In October, after building and pre-assembling the whole mechanism, 30 volunteers used a crane to drop the structure into the canal with millimeter precision.

The process started in the morning and was only concluded late in the evening.

Black Forest River Wave: the German artificial surf spot is 4.5 meters wide | Photo: blackforestwave

Innovative Technology

The blackforestwave adapts to the river flow, meaning that the water level in the canal can be managed thanks to a built-in hydraulic system installed on the artificial surfing setup.

The steel frame structure features adjustable elements that enable the wave - generated solely by the flowing river - to be continuously adjusted to different water levels.

Around 3,000 screws hold the wooden planks of the ramp in position.

Ten hydraulic cylinders allow the alignment of five individual components and even enable fine adjustments to the wave while surfing.

The blackforestwave can be lowered and shut down to allow the water to flow through the canal as unhindered as possible.

The surface of the structure that creates the wave - similar to a ramp - is clad with wooden planks and screwed to the steel frame.

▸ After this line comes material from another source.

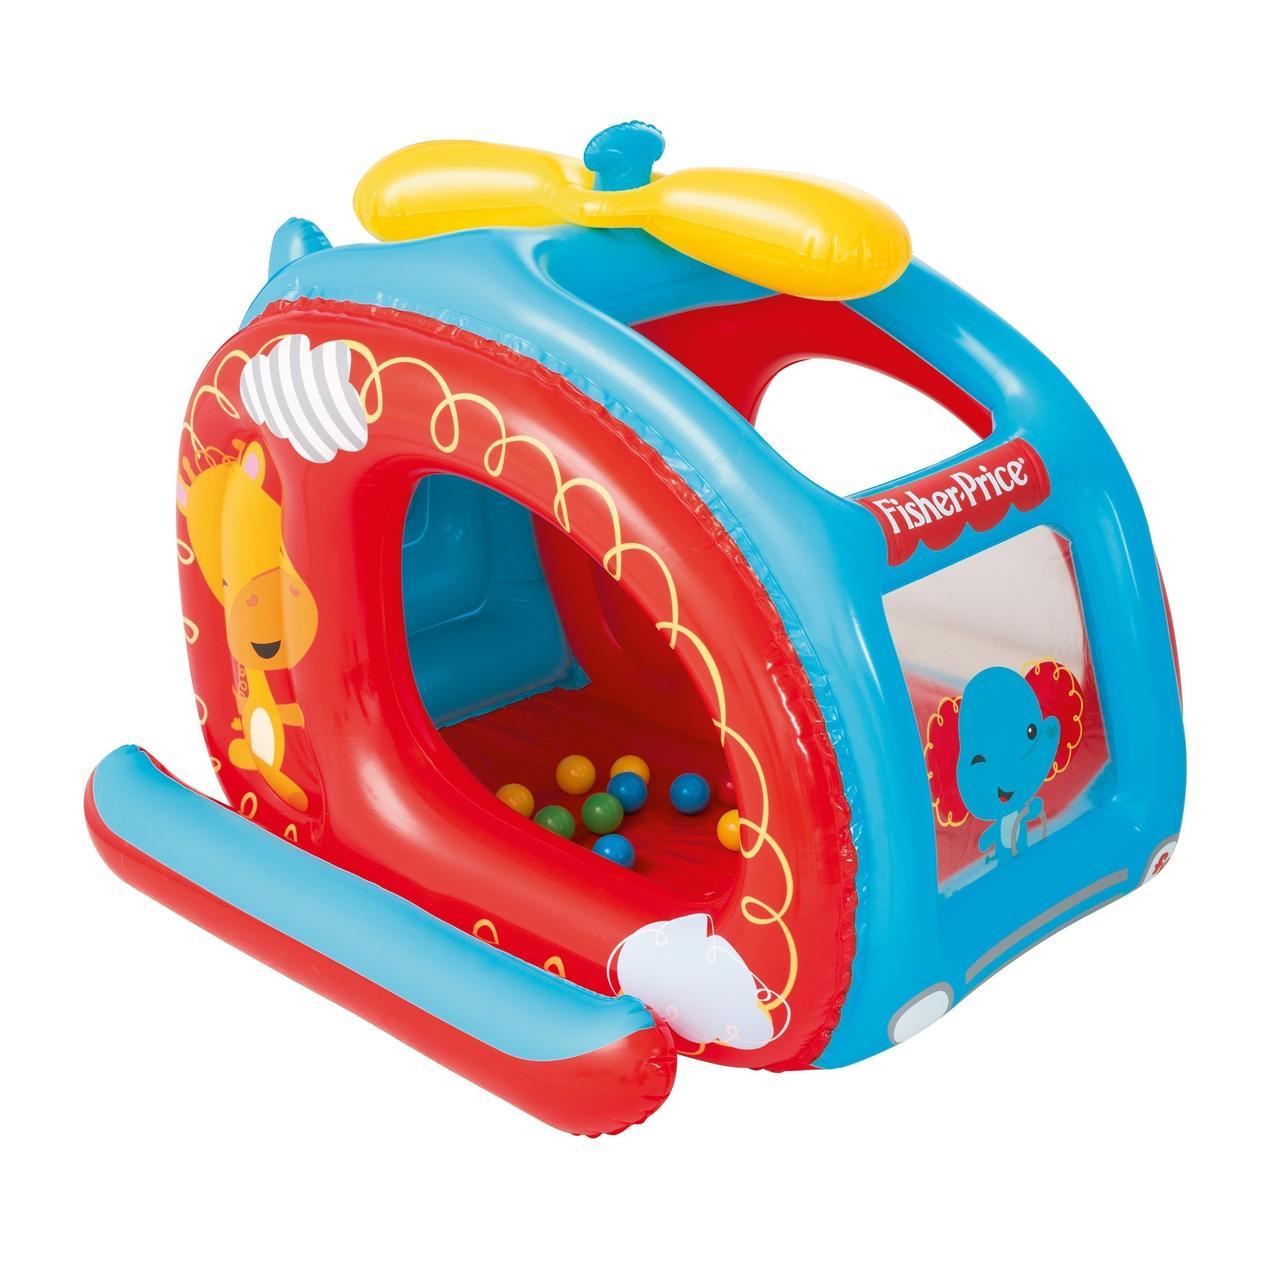 Надувной детский игровой домик манеж Bestway 93502 «Вертолет» с шариками 25 шт

The whole inland surfing system can be fine-tuned with a specially developed app that adapts the wave to the current conditions and switches the surf on and off.

It is also possible to access the river wave from both the right and left sides of the canal.

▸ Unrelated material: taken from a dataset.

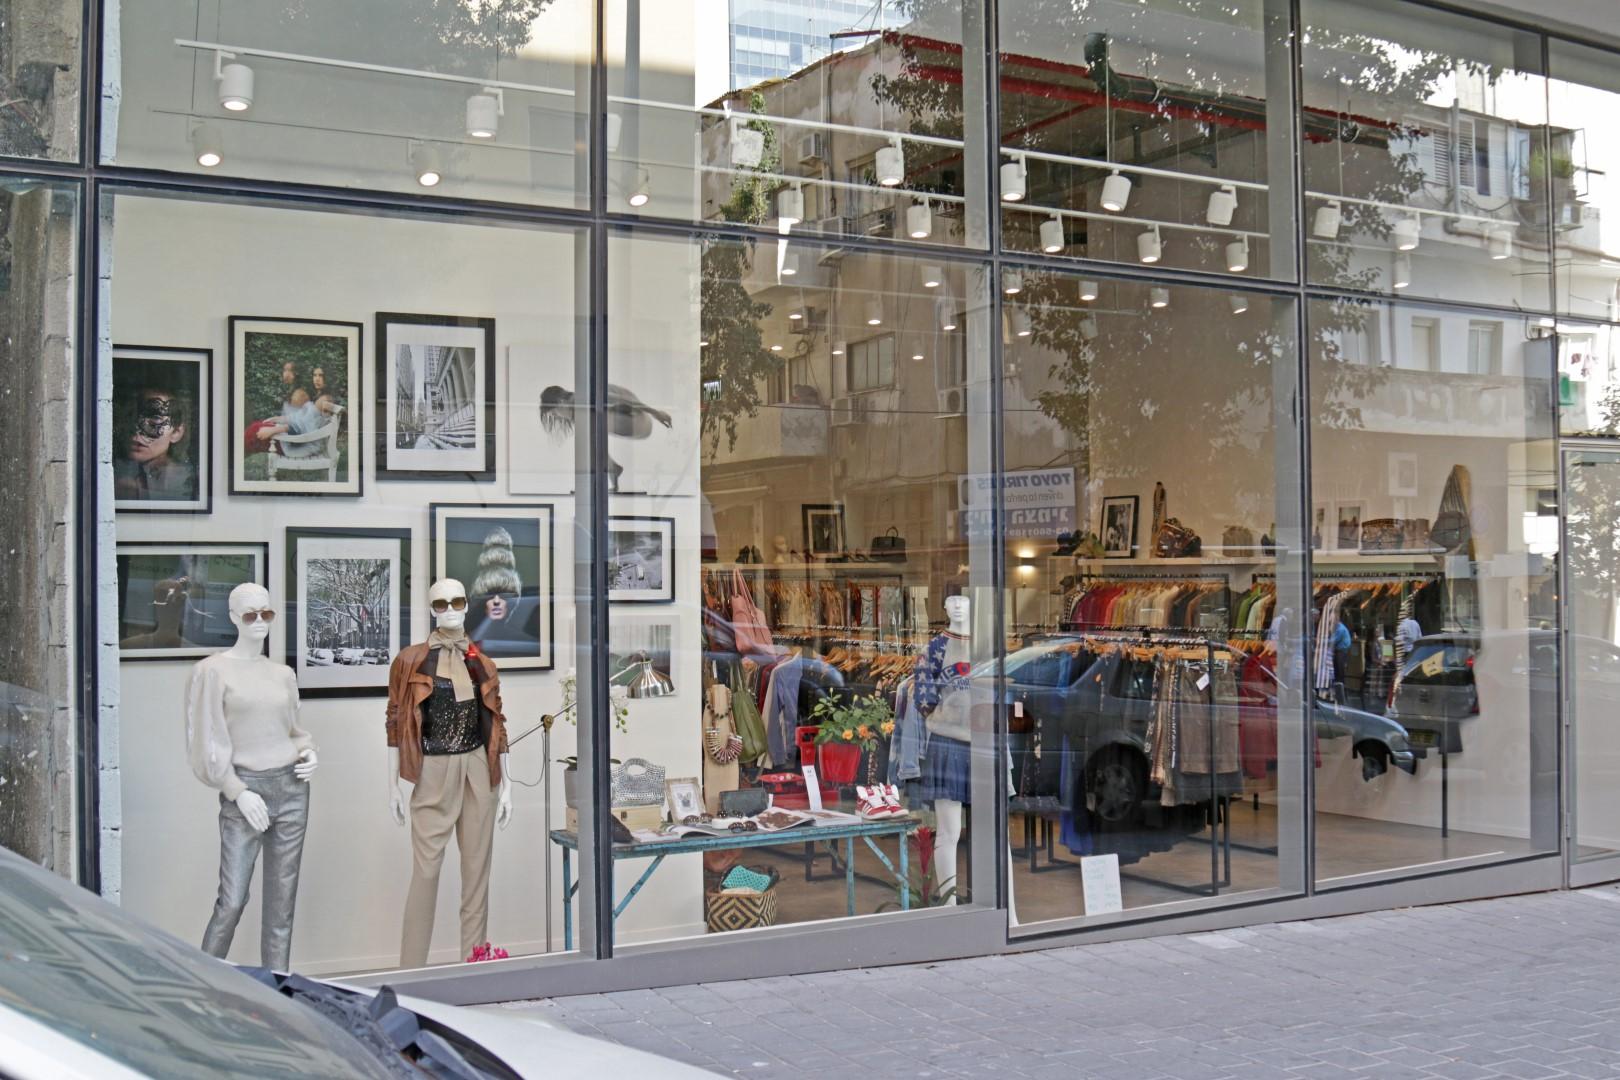 צ'לסי - החנות הראשונה ליד השנייה

Pforzheim, Germany: the new standing wave system cost €80,000 | Photo: blackforestwave

A Fun Inland Surfing Wave

Steffen Rose, the founder of the blackforestwave surf club, was the first surfer to ride the long-awaited wave.

Jonas Buchholz, member of the local surf club and designer of blackforestwave's unique wooden surfboards, kept true to the motto: "Where there is a will, there's also a wave."

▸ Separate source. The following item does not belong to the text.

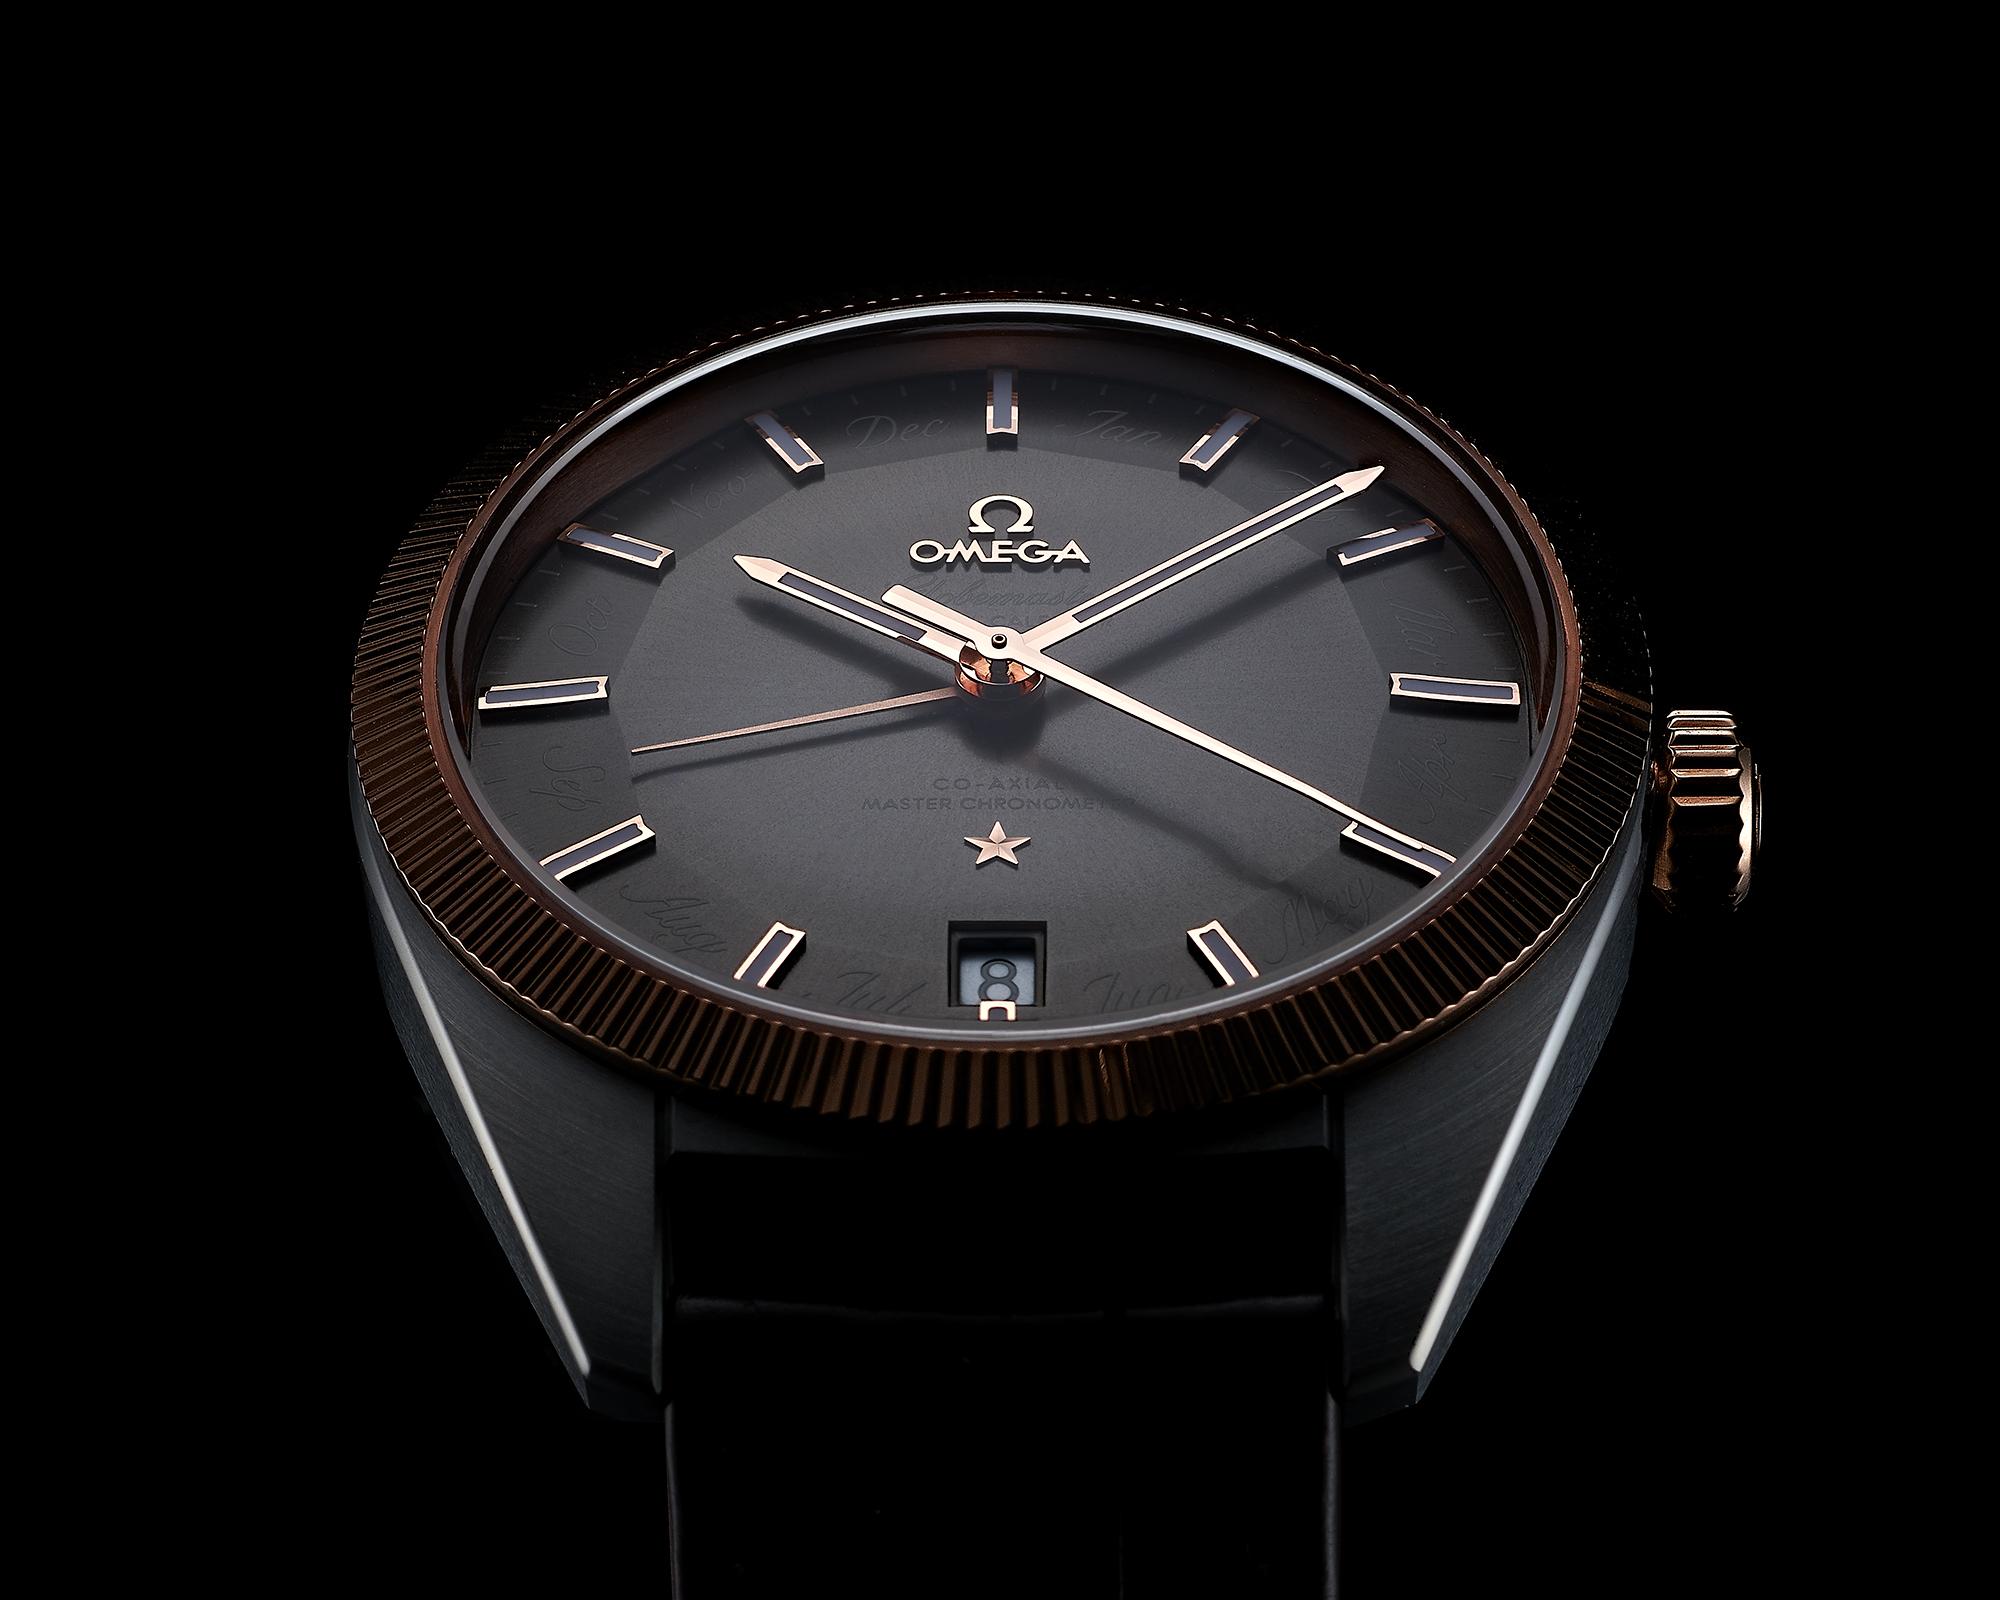 vue de 3/4 dessus la montre omega globemaster

After having tested Pforzheim's newest sports attraction, he admits that "the wave feels good, especially when you've worked on it for so long."

The project was backed up by two sponsors - Admedes and G.RAU - who were delighted with the idea and excited and proud about the outcome.

"We got in touch with the planned blackforestwave for the first time in the late summer of 2018," the companies said.

"Right from the start, we realized that the club's vision of using the Pforzheim rivers to promote Pforzheim and the region was excellent and attractive."

"After years of tense waiting, the technology is ready to be used. The entire team deserves our deepest respect for such an amazing project and for what they've accomplished in recent years."

Around 100 guests attended the inauguration of the blackforestwave.

blackforestwave: a surf club with 150 enthusiastic member | Photo: blackforestwave

Making River Surfing Accessible to Everyone

The surf club has always aimed to increase the integration of the local rivers and canals into the cityscape.

"We are also committed to the purification of the waters," emphasizes Jonas Buchholz, a board member of the blackforestwave.

"What is also unique is that the surf system is permeable to fish, and it is the only surf system of its kind that can be illuminated from the water for special events."

Surfing at the German artificial standing wave will be paused for a few weeks, though.

The canal will be drained due to maintenance and renovation works on a building further downstream of the surf zone.

But the local club will also take time to complete the very last optimization tasks on parts of the system that are often of difficult access.

From November 2021 onward, the blackforestwave will be open to all club members, with surf sessions held on a regular basis.

As of 2021, the organization has 150 members.

In spring 2022, the club will open the river wave to the general public and provide surf slots that can be booked online.

There will also be surf lessons for private groups and companies.

But the blackforestwave will stay true to its origins, and making the wave accessible to all those interested in surfing is the ultimate goal.

Surfing on artificial river waves is becoming increasingly popular, especially in landlocked countries.

In addition to Pforzheim, German surfers will be able to ride a newly-built artificial wave in the Pegnitz River in Nuremberg.